# [What to do]
Write the data out in full and word for word. Do not include images.

+++ Dataset excerpt

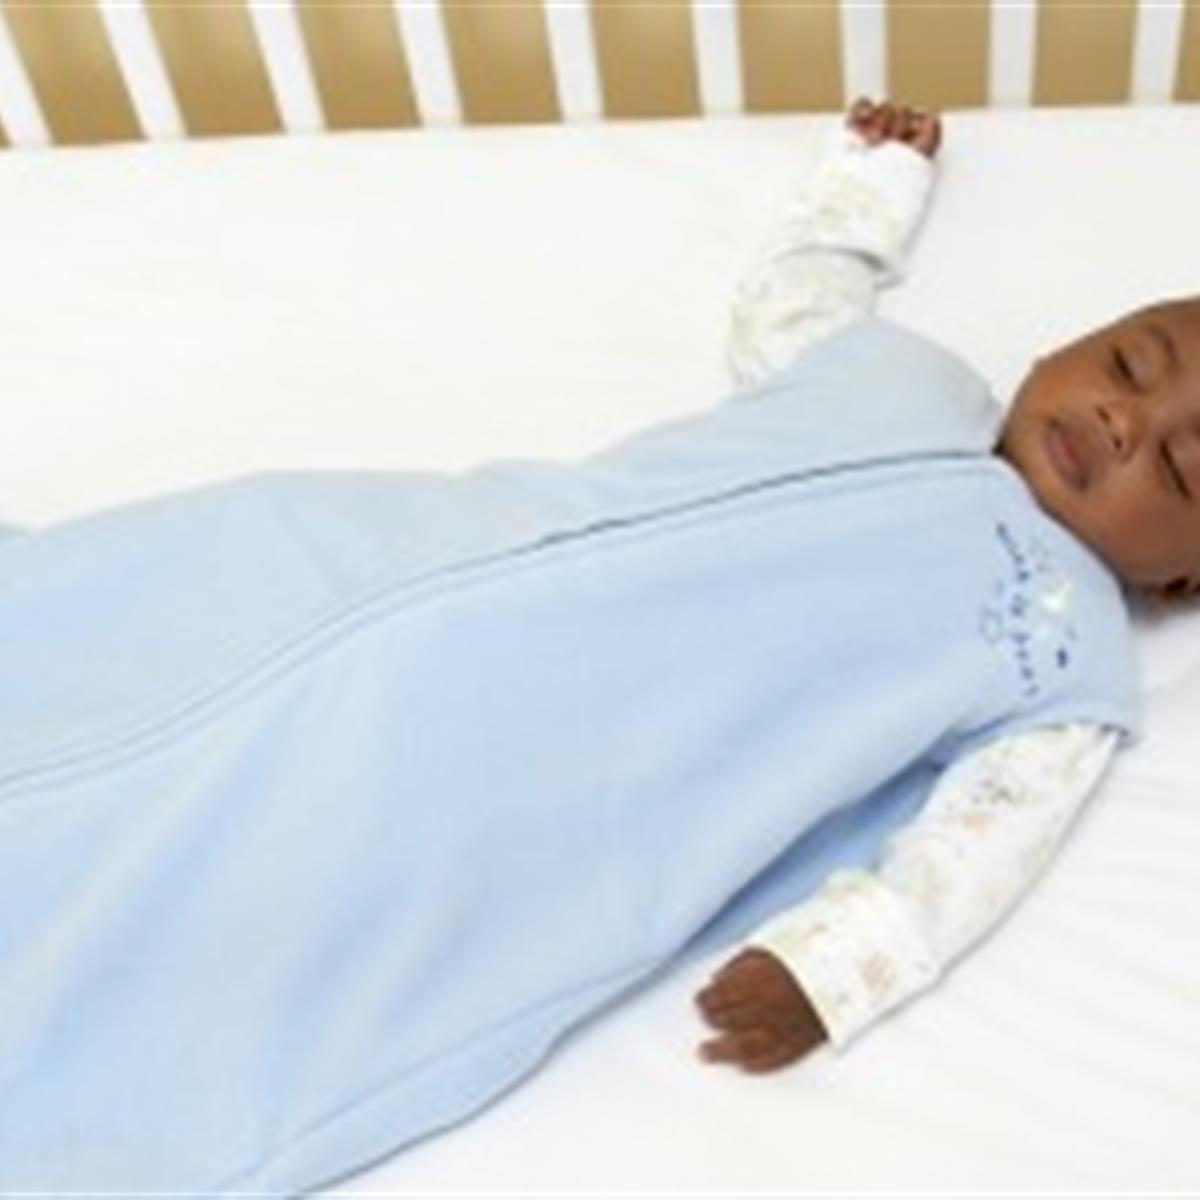 Make Baby S Room Safe Parent Checklist Healthychildren Org
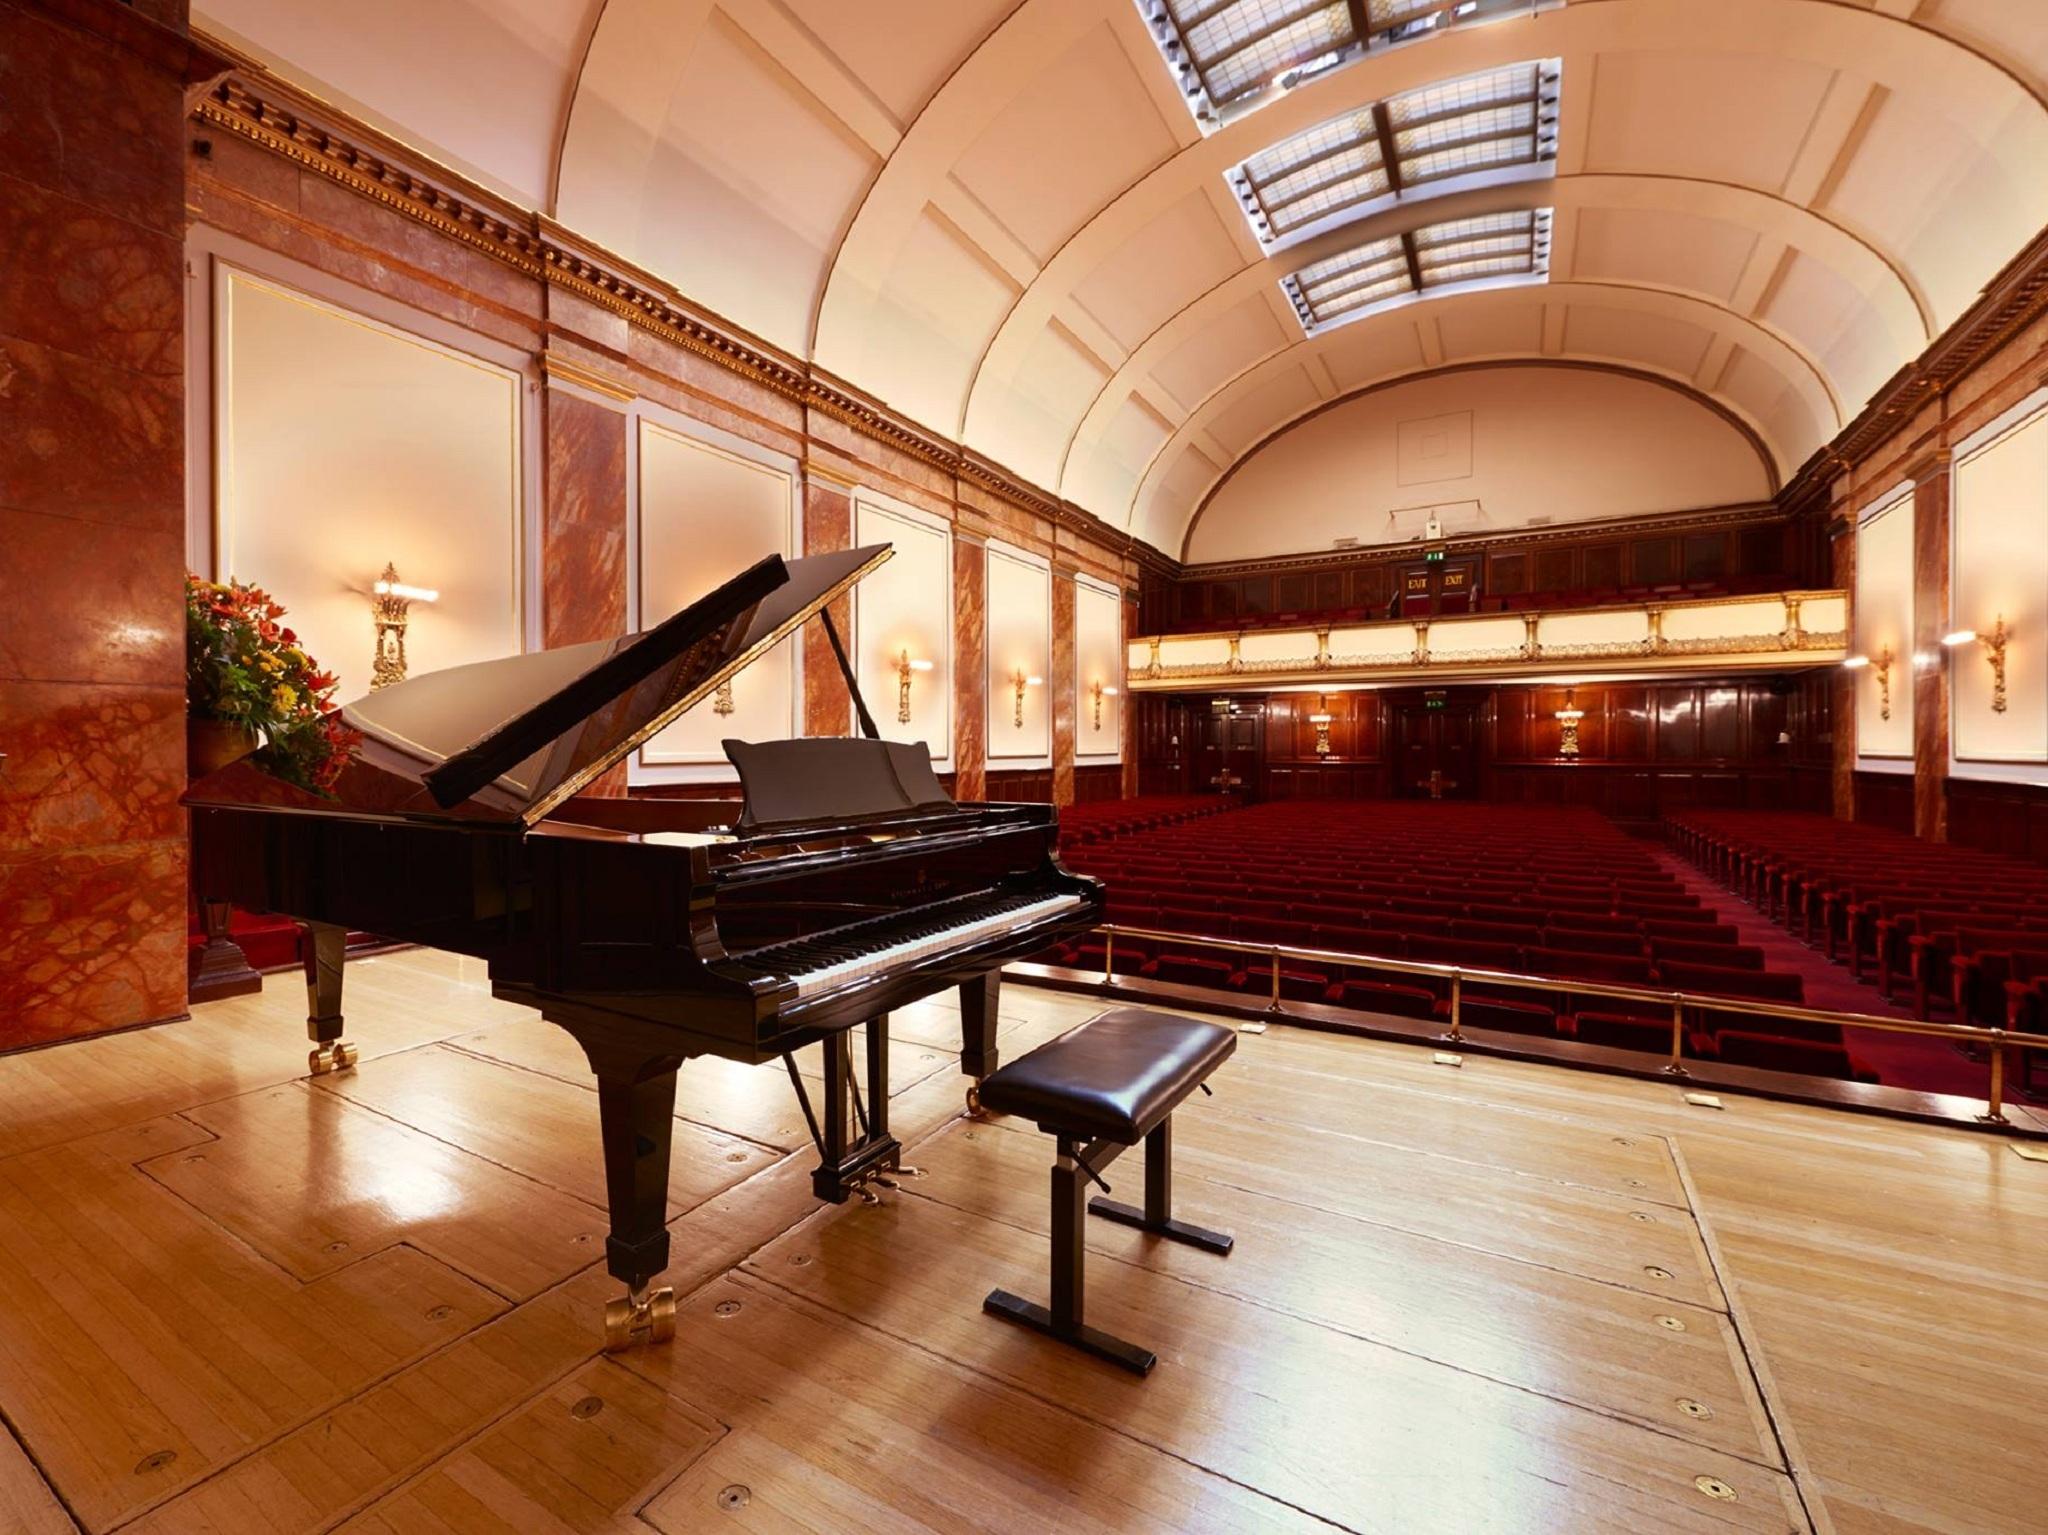 Sala de Espectáculos, Londres, Wigmore Hall
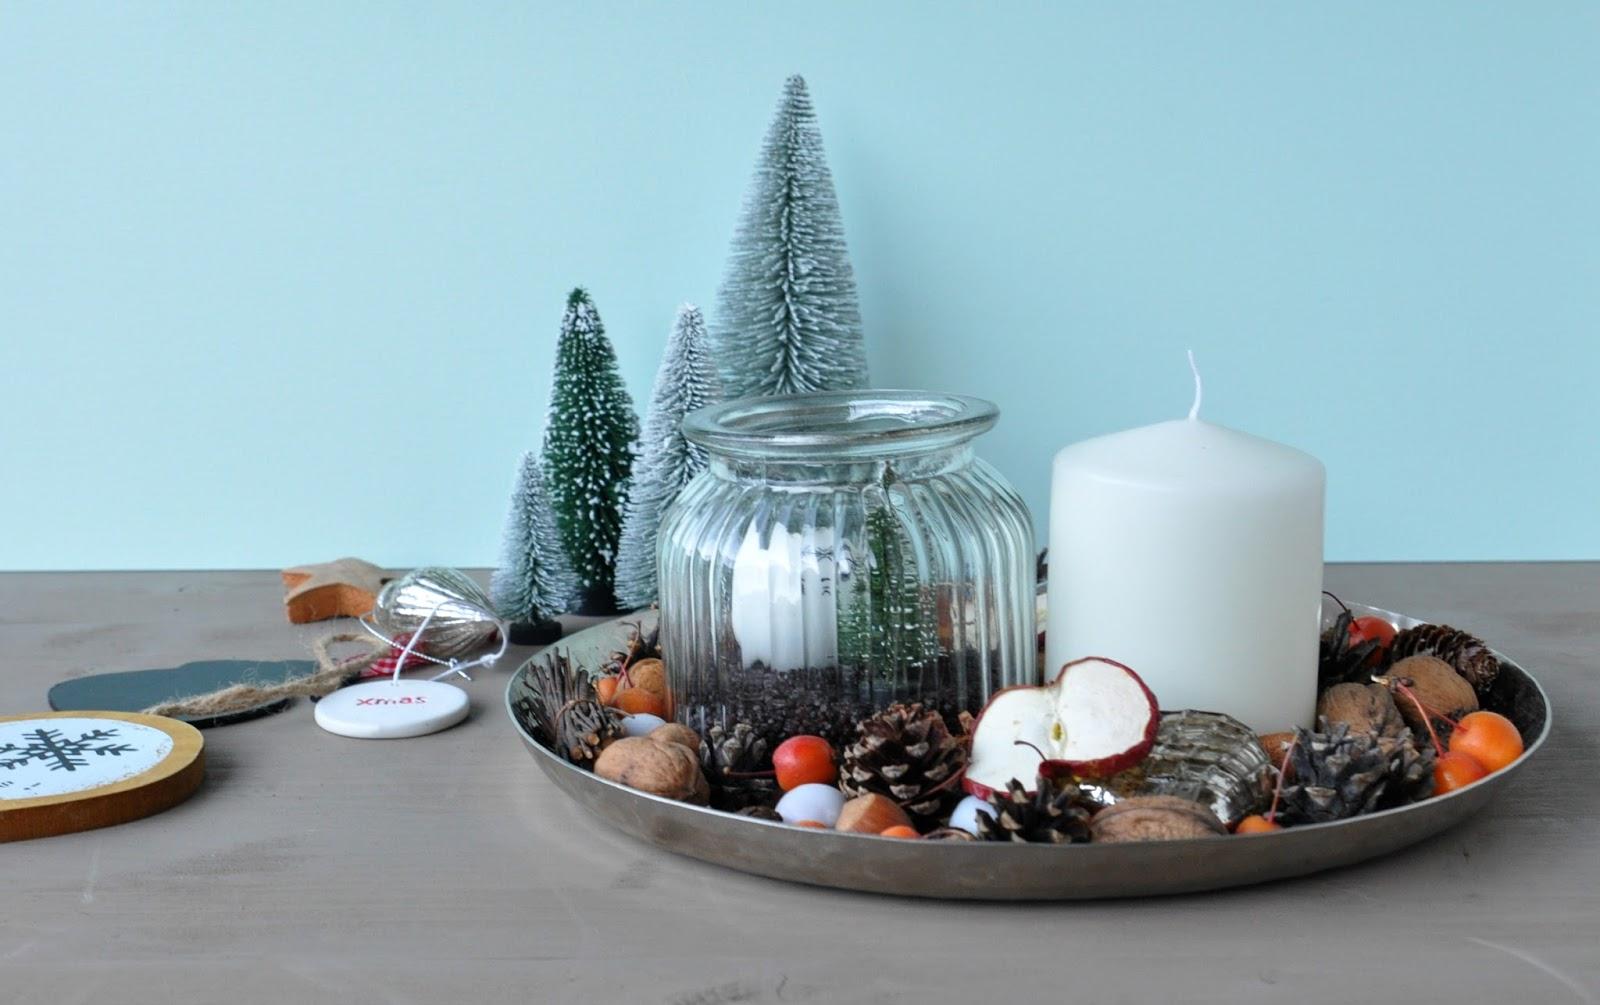 lemapi s dtiroler lifestyleblog flowerday mit amaryllis und weihnachtlicher 5 minuten. Black Bedroom Furniture Sets. Home Design Ideas

++++++

# [Your solution]
 Make Baby S Room Safe Parent Checklist Healthychildren Org
 Sala de Espectáculos, Londres, Wigmore Hall
 lemapi s dtiroler lifestyleblog flowerday mit amaryllis und weihnachtlicher 5 minuten. Black Bedroom Furniture Sets. Home Design Ideas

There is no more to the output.